After upgrade attempted to swap out orchestrator(10.3.121.69) and add in a new 202 node (10.3.3.131)
Rebalance fails with ns_vbucket_mover000 on orchestrator reporting:
<0.11037.1> exited with {noproc,
{gen_server,call,
[
,
{if_rebalance,<0.1.1>,initiate_indexing},
infinity]}}
On new node 202, couchdb went down and erlang crash dump was generated(attached).
Saw these errors from mccouch which may be why vbuckets couldn't be moved to this node:
Fri May 17 07:27:36.981472 PDT 3: (saslbucket) Trying to connect to mccouch: "127.0.0.1:11213"
Fri May 17 07:27:36.981615 PDT 3: (saslbucket) Connected to mccouch: "127.0.0.1:11213"
Fri May 17 07:27:37.019496 PDT 3: (saslbucket) Connection closed by mccouch
Fri May 17 07:27:37.019527 PDT 3: (saslbucket) Resetting connection to mccouch, lastReceivedCommand = notify_vbucket_update lastSentCommand = notify_vbucket_update currentCommand =unknown
Fri May 17 07:27:37.019595 PDT 3: (saslbucket) Trying to connect to mccouch: "127.0.0.1:11213"

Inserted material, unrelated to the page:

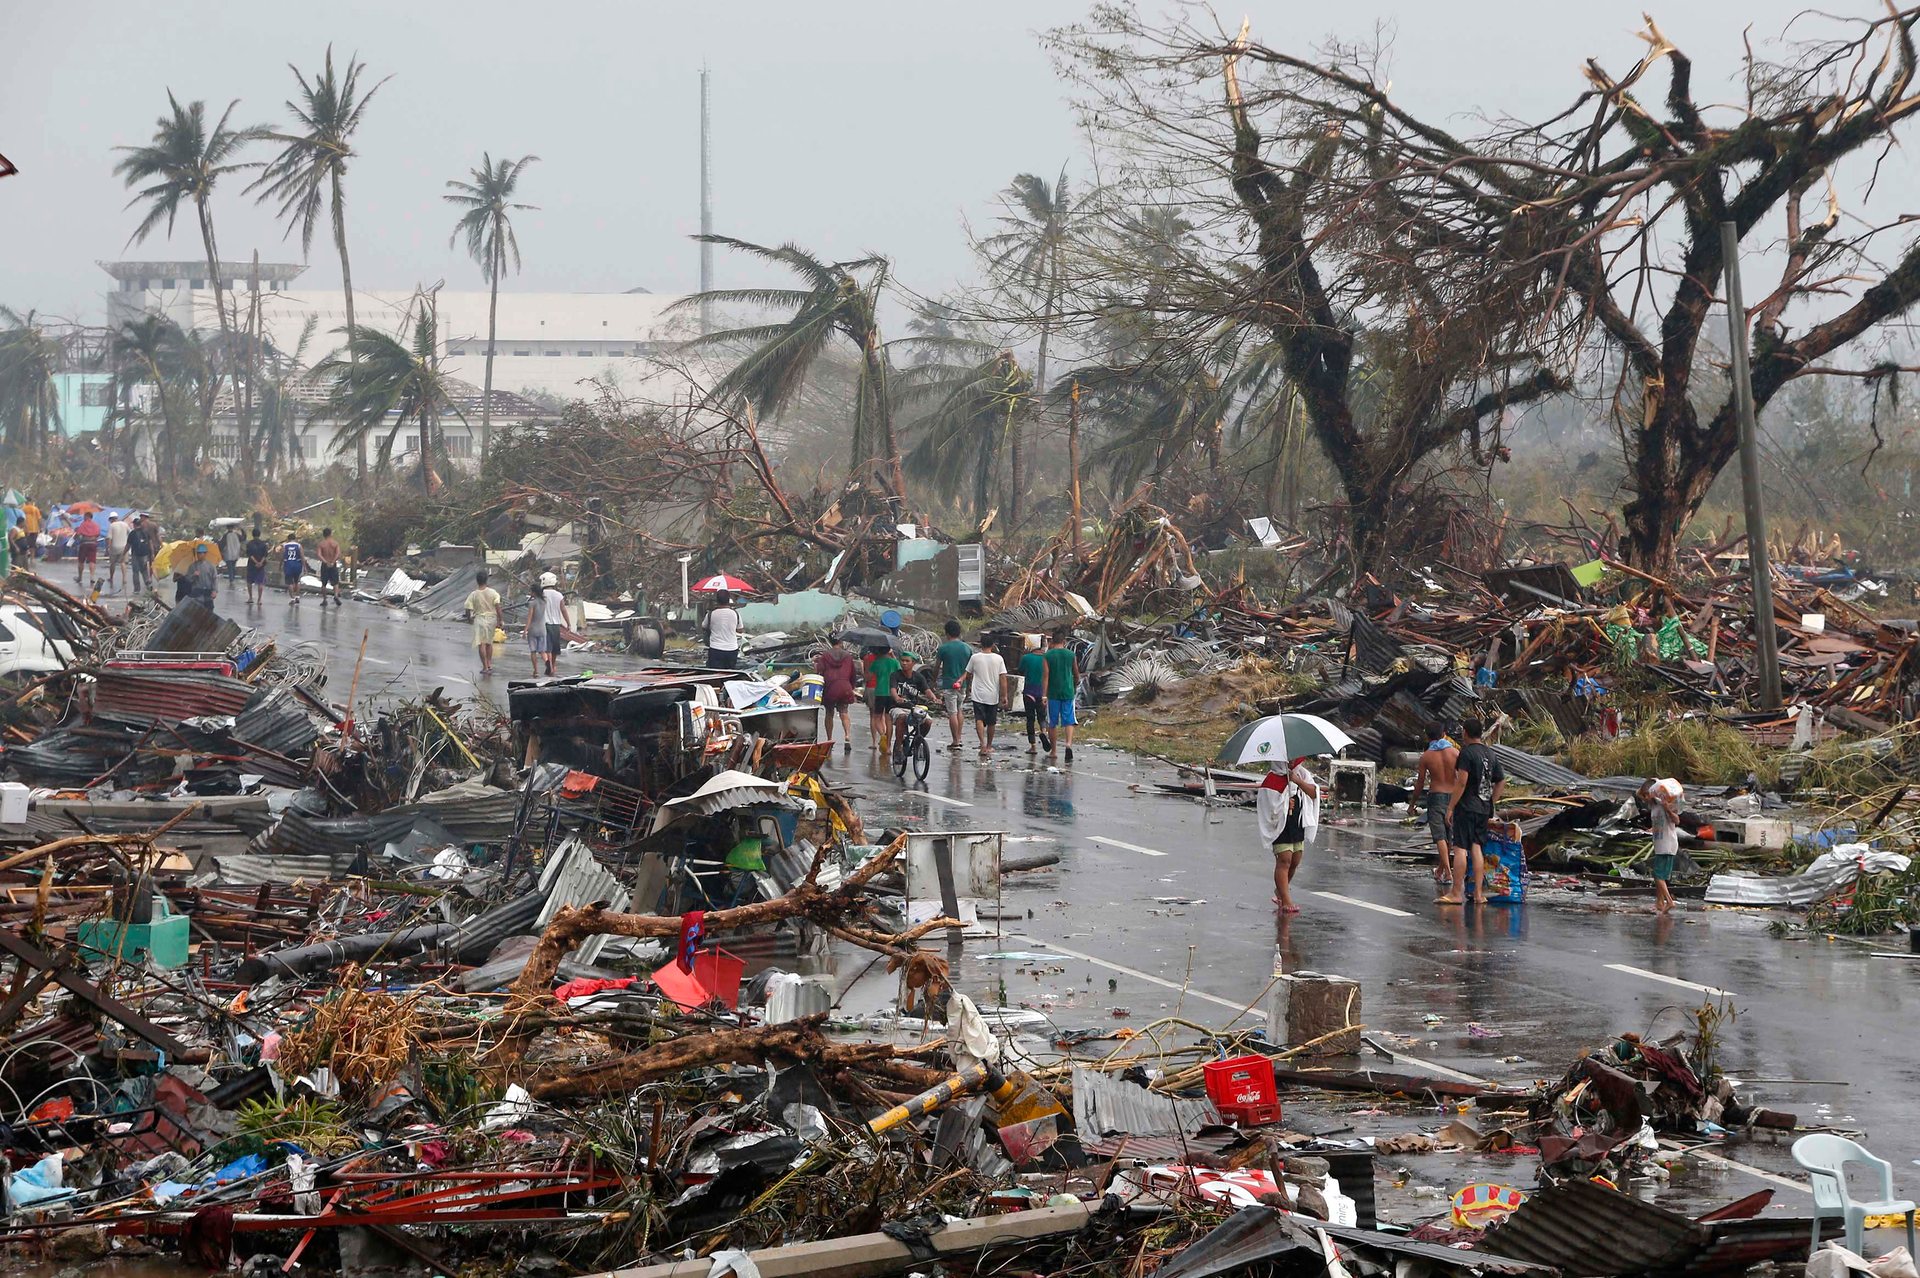 Typhoon Haiyan, known locally as Yolanda, struck in 2013 and was one of the most powerful storms ever recorded. Photograph: Erik de Castro / Reuters/REUTERS

Fri May 17 07:27:37.019730 PDT 3: (saslbucket) Connected to mccouch: "127.0.0.1:11213"
Fri May 17 07:27:37.021763 PDT 3: (saslbucket) Connection closed by mccouch
Fri May 17 07:27:37.021788 PDT 3: (saslbucket) Resetting connection to mccouch, lastReceivedCommand = select_bucket lastSentCommand = notify_vbucket_update currentCommand =unknown
=========================CRASH REPORT=========================
crasher:
initial call: mc_connection:init/1
pid: <0.965.0>
registered_name: []
exception error: no case clause matching
in function mc_connection:do_notify_vbucket_update/3
in call from mc_connection:handle_message/9
in call from mc_connection:read_full_message/2
in call from mc_connection:run_loop/2
ancestors: [mc_conn_sup,mc_sup,ns_server_sup,ns_server_cluster_sup,
<0.59.0>]
messages: []
links: <0.641.0>,#Port<0.6784>
dictionary: []
trap_exit: false
status: running
heap_size: 1597
stack_size: 24
reductions: 1094838
neighbours:
[error_logger:error,2013-05-17T7:27:36.622,ns_1@10.3.3.131:error_logger<0.6.0>:ale_error_logger_handler:log_report:72]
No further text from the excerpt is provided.